Mais alors pourquoi l’industrie du tabac fait-elle des dons à ces groupes ? The Guardian permet de le comprendre très simplement à travers l’un des exemples qu’il cite :

« La Heritage Foundation a accepté des dons du fabricant américain de Marlboro, Altria en 2012, 2013, 2014 et 2016. En 2018, un chercheur de la fondation a témoigné devant la Food and Drug Administration (FDA) en faveur du nouveau produit IQOS de Philip Morris International, affirmant qu’il avait un “bilan impressionnant” ».
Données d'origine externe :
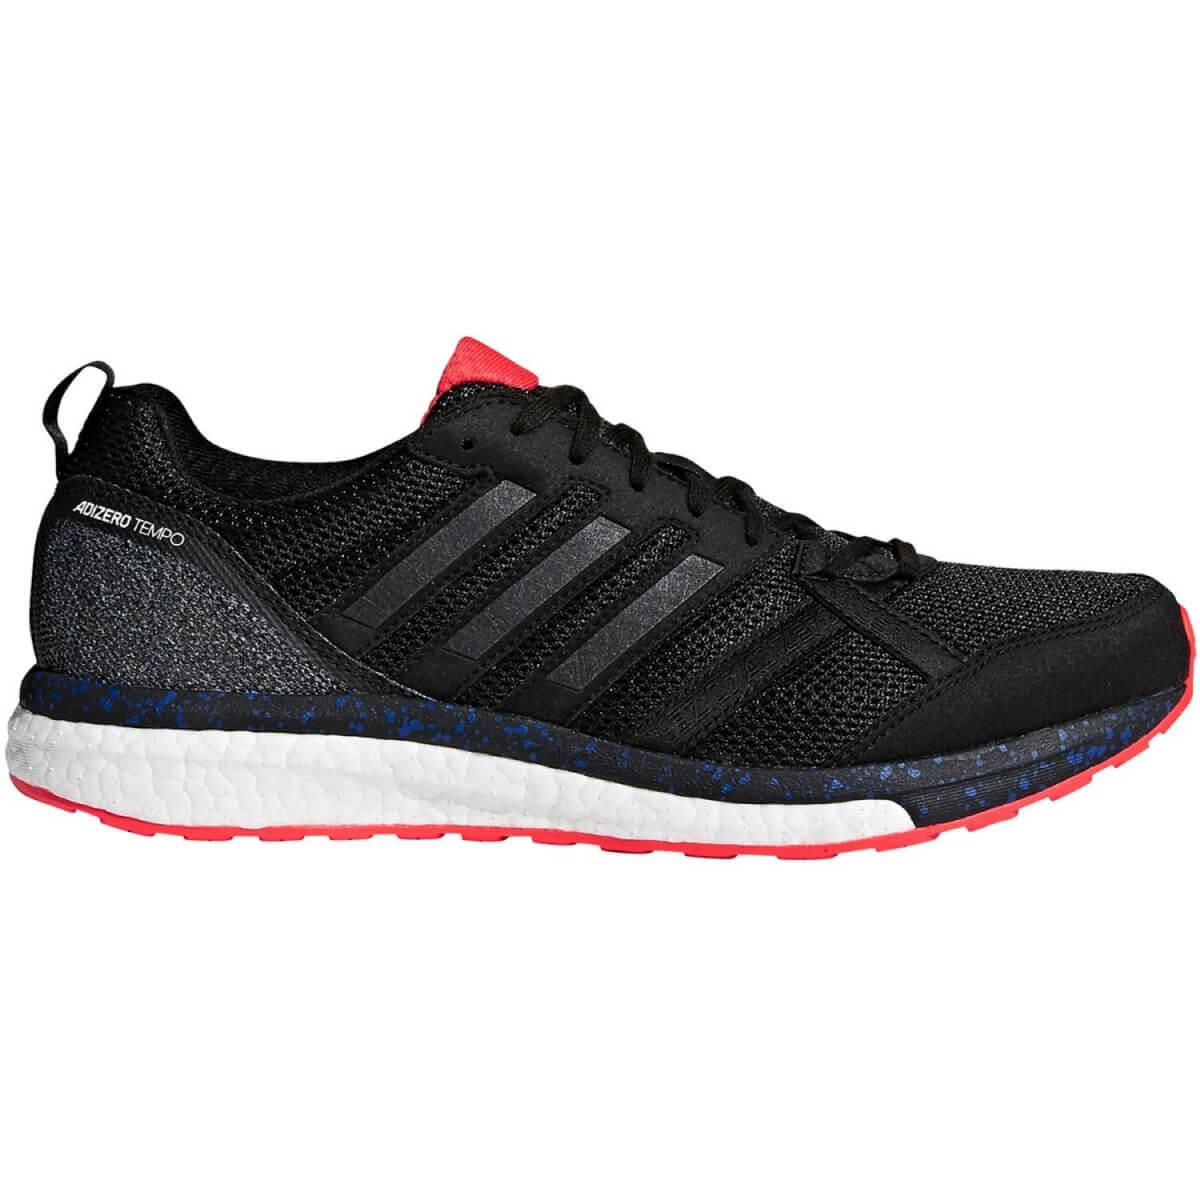 Zapatillas Adidas Adizero Tempo 9 aktiv
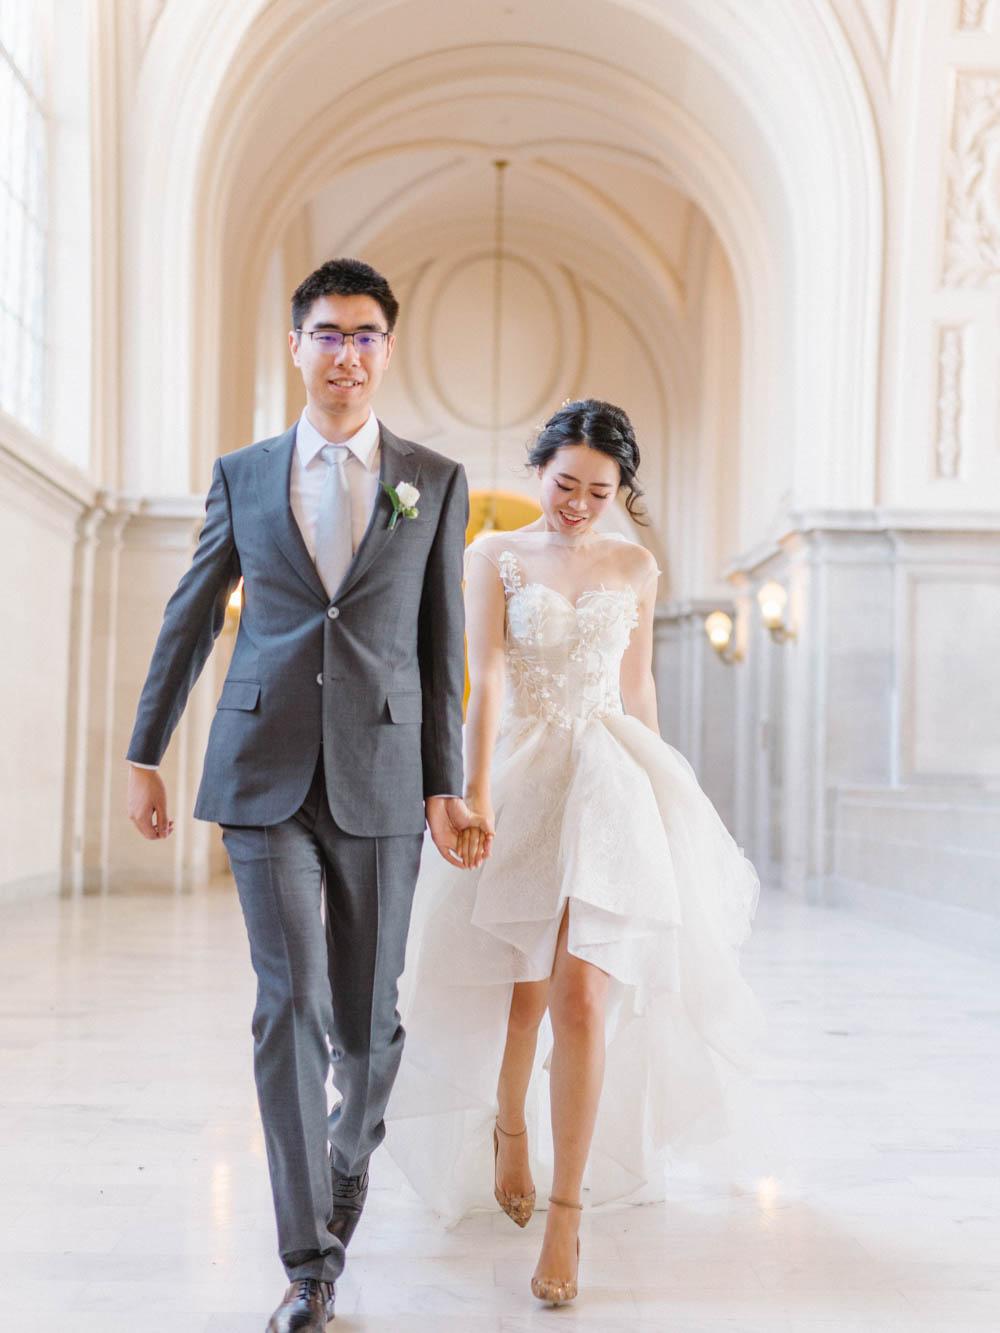 San Francisco Wedding Photographer - City Hall - Pinnel Photography-02911.jpg

Questionnés par le quotidien, tous ces thinktanks ont répondu de manière très similaire et ont indiqué qu’ils étaient farouchement indépendants, qu’ils n’étaient pas influencés par les dons et qu’ils défendaient des positions favorables aux entreprises, à une faible réglementation et à la fiscalité dans le cadre d’une philosophie plus large du marché libre.

Des financements opaques

Si les lobbies sont tenus de divulguer la provenance de leurs fonds, ce n’est pas le cas des groupes de réflexion. Pourtant, selon le quotidien britannique, les groupes de réflexion existent pour influencer les politiques, souvent par le biais d’une orientation politique considérée comme indépendante des intérêts des entreprises et de la politique.

Toutefois, ces groupes ont fait l’objet de plusieurs enquêtes au cours de ces dernières années, notamment depuis la divulgation de certains des dons qu’ils percevaient, en provenance de gouvernements et d’entreprises étrangères.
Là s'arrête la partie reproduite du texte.